(SOURCE DATA Opens)

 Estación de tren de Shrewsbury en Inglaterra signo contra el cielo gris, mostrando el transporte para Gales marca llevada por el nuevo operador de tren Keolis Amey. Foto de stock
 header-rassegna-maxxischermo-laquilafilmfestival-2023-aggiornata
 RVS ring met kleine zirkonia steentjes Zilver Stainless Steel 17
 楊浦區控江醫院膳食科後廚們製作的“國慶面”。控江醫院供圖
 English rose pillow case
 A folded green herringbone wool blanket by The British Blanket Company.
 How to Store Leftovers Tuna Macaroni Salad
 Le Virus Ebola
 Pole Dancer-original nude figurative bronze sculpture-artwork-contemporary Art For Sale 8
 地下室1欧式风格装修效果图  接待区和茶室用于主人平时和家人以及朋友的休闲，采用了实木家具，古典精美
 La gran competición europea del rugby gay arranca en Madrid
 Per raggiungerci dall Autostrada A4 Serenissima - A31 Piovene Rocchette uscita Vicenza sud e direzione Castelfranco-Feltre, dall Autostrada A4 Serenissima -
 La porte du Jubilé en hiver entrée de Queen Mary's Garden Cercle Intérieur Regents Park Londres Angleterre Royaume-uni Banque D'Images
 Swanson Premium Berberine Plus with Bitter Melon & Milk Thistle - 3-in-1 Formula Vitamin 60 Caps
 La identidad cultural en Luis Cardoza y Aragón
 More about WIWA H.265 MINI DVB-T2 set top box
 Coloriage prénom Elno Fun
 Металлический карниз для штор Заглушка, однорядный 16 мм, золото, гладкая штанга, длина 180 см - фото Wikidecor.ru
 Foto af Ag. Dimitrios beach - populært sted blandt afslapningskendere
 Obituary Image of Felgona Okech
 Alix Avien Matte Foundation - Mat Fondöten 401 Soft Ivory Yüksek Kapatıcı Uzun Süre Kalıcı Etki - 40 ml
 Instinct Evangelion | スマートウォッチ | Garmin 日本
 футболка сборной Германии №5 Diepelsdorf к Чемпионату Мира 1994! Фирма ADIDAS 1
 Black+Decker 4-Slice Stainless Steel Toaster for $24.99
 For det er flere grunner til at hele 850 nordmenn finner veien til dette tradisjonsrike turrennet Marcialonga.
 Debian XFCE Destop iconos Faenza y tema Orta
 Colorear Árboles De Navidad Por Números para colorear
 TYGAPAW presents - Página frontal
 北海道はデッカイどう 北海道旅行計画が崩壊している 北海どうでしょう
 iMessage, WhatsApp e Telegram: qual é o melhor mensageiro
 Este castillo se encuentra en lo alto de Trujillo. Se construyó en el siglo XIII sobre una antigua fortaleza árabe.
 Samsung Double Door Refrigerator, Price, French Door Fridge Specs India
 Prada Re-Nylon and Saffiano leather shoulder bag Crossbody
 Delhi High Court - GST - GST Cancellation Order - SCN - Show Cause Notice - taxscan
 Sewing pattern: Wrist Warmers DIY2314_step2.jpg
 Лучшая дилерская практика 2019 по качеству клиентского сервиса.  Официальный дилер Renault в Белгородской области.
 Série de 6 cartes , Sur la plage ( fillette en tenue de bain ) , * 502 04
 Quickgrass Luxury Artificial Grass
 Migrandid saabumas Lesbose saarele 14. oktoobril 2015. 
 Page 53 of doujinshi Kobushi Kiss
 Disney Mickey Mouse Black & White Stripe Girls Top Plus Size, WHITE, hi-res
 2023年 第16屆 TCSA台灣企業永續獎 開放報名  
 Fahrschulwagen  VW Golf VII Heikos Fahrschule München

(SOURCE DATA Closes)

## WORK ITEM
Among the lines of the data, find every one that holds "Steel" and copy it.

## WORKED SOLUTION
 RVS ring met kleine zirkonia steentjes Zilver Stainless Steel 17
 Black+Decker 4-Slice Stainless Steel Toaster for $24.99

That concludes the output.